In this case, bcolz + dask copying time is pretty close to bcolz.copy() which uses internal Blosc threads.

## Zarr arrays (in-memory)

In [18]:
import zarr
print('zarr', zarr.__version__)

('zarr', '1.0.0b6.dev18')


In [19]:
# Check with no compression first
za1 = zarr.array(ca, chunks=ca.chunklen, compression=None)
za1

zarr.core.Array((150000000,), float64, chunks=(262144,), order=C)
  compression: none; compression_opts: None
  nbytes: 1.1G; nbytes_stored: 1.1G; ratio: 1.0; initialized: 573/573
  store: __builtin__.dict

In [20]:
za2 = zarr.empty_like(za1)
za2

zarr.core.Array((150000000,), float64, chunks=(262144,), order=C)
  compression: none; compression_opts: None
  nbytes: 1.1G; nbytes_stored: 230; ratio: 5217391.3; initialized: 0/573
  store: __builtin__.dict

In [21]:
%time za2[:] = za1
za2

CPU times: user 196 ms, sys: 244 ms, total: 440 ms
Wall time: 437 ms


zarr.core.Array((150000000,), float64, chunks=(262144,), order=C)
  compression: none; compression_opts: None
  nbytes: 1.1G; nbytes_stored: 1.1G; ratio: 1.0; initialized: 573/573
  store: __builtin__.dict

In the non-compressed case, zarr takes significantly less time than using compression (see below).  That probably means that zarr, contrarily to bcolz, does not store uncompressed data in Blosc containers, so avoiding the penalty of handling small data blocks (which is the case for bcolz, see above). 

In [22]:
# Now, for the compressed case
za = zarr.array(ca, chunks=ca.chunklen, compression='blosc', 
                compression_opts=dict(cname='lz4', clevel=5, shuffle=2))
za

zarr.core.Array((150000000,), float64, chunks=(262144,), order=C)
  compression: blosc; compression_opts: {u'cname': u'lz4', u'shuffle': 2, u'clevel': 5}
  nbytes: 1.1G; nbytes_stored: 245.4M; ratio: 4.7; initialized: 573/573
  store: __builtin__.dict

In [23]:
za2 = zarr.empty_like(za)
za2

zarr.core.Array((150000000,), float64, chunks=(262144,), order=C)
  compression: blosc; compression_opts: {u'cname': u'lz4', u'shuffle': 2, u'clevel': 5}
  nbytes: 1.1G; nbytes_stored: 302; ratio: 3973509.9; initialized: 0/573
  store: __builtin__.dict

In [24]:
%time za2[:] = za
za2

CPU times: user 1.8 s, sys: 96 ms, total: 1.9 s
Wall time: 555 ms


zarr.core.Array((150000000,), float64, chunks=(262144,), order=C)
  compression: blosc; compression_opts: {u'cname': u'lz4', u'shuffle': 2, u'clevel': 5}
  nbytes: 1.1G; nbytes_stored: 245.4M; ratio: 4.7; initialized: 573/573
  store: __builtin__.dict

For the compressed case, zarr takes similar time (more or less, depending on the run) than bcolz when copying, which is the expected thing.
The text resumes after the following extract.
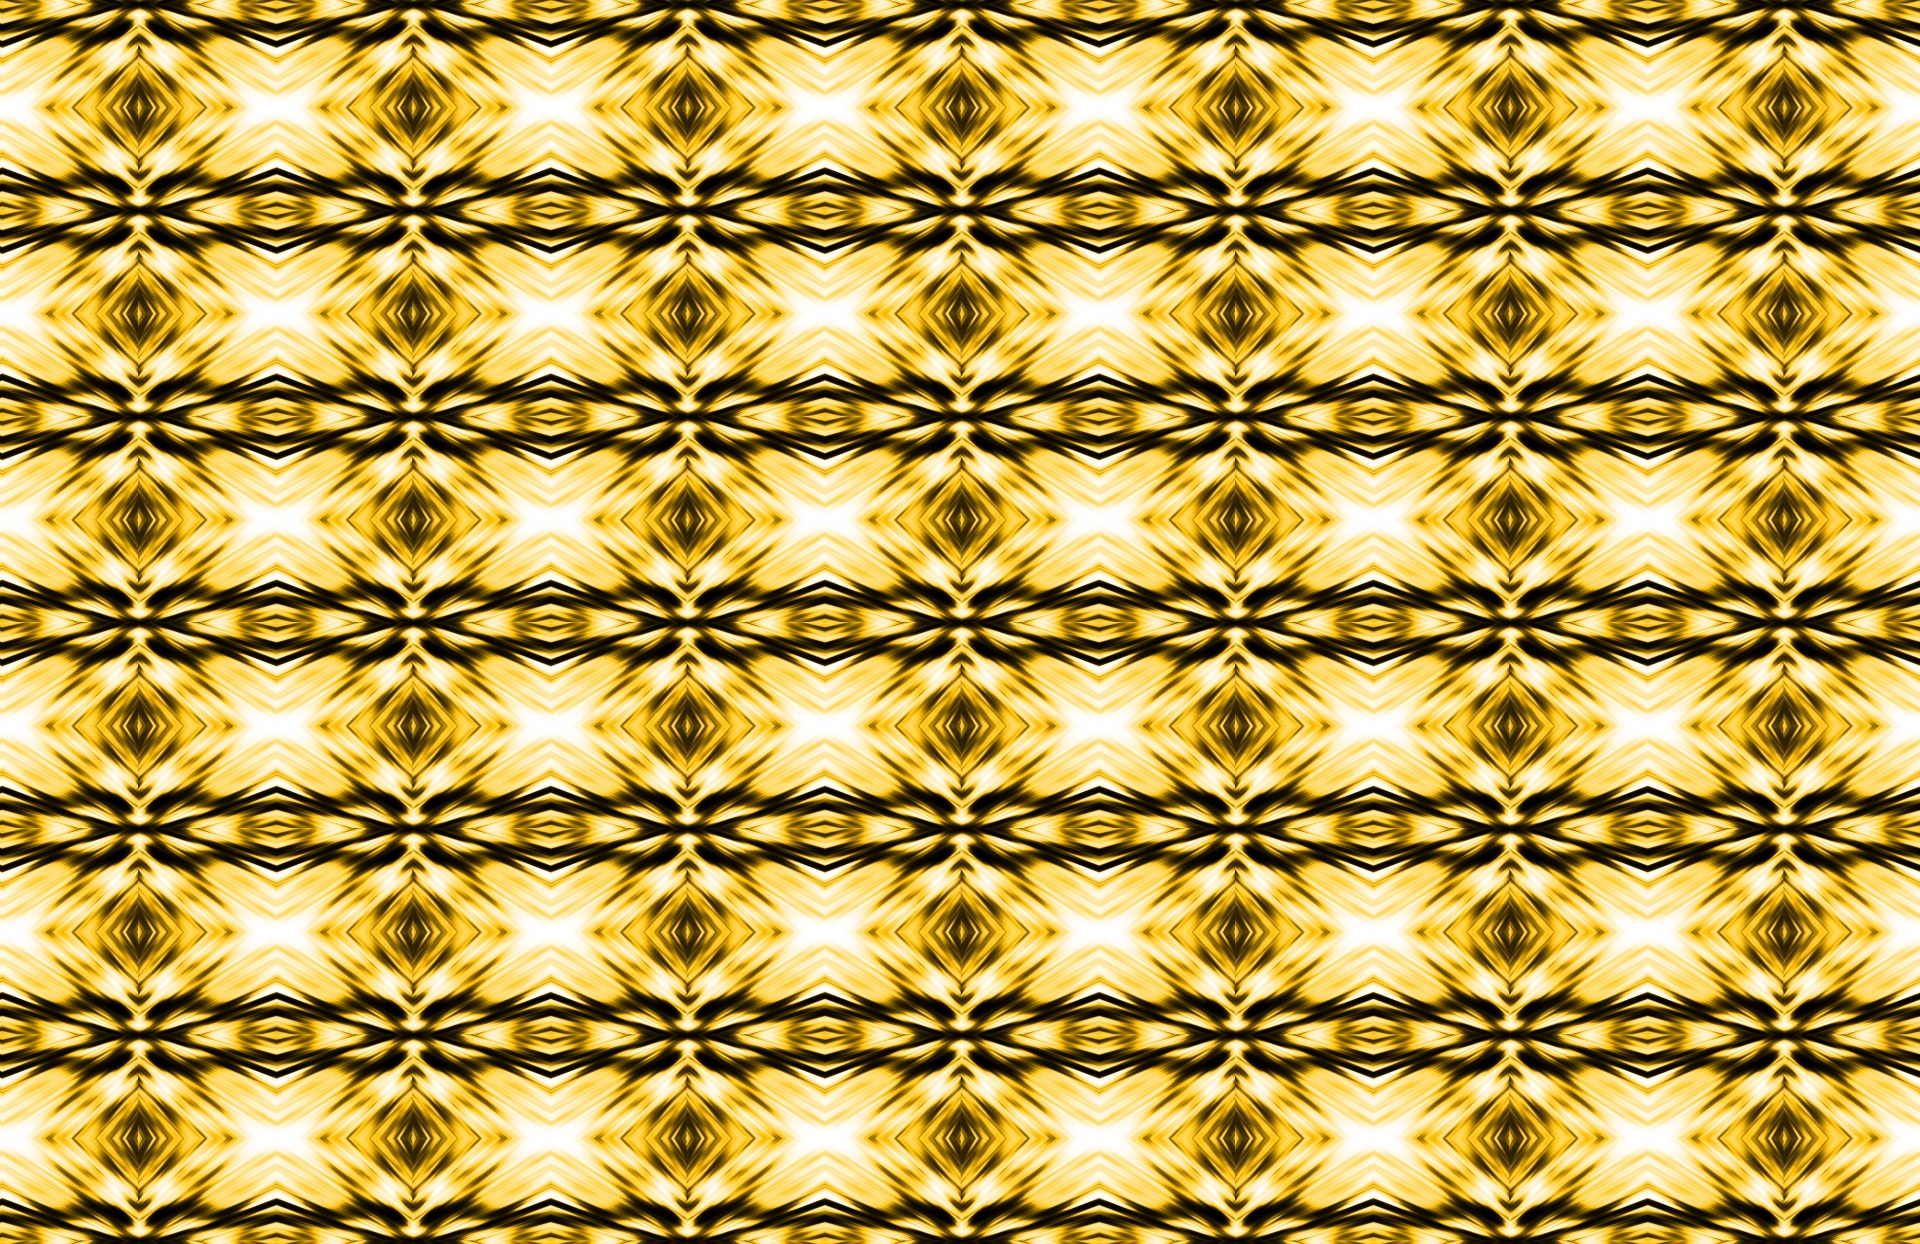 repeat pattern diamond shape free photo

## zarr + dask + compression

In [25]:
profile_dask_copy(za, za2, chunks=za.chunks, lock=True, dt=0.05)

In [26]:
profile_dask_copy(za, za2, chunks=za.chunks, lock=False, dt=0.05)

Here it seems that dask + zarr actually do improve speed over zarr + Blosc internal threads, and the copying times are better than for dask + bcolz.  The latter might be due to the fact that bcolz is not optimized (yet) for `ca2[:] = ca` operations and `ca.copy()` is usually faster.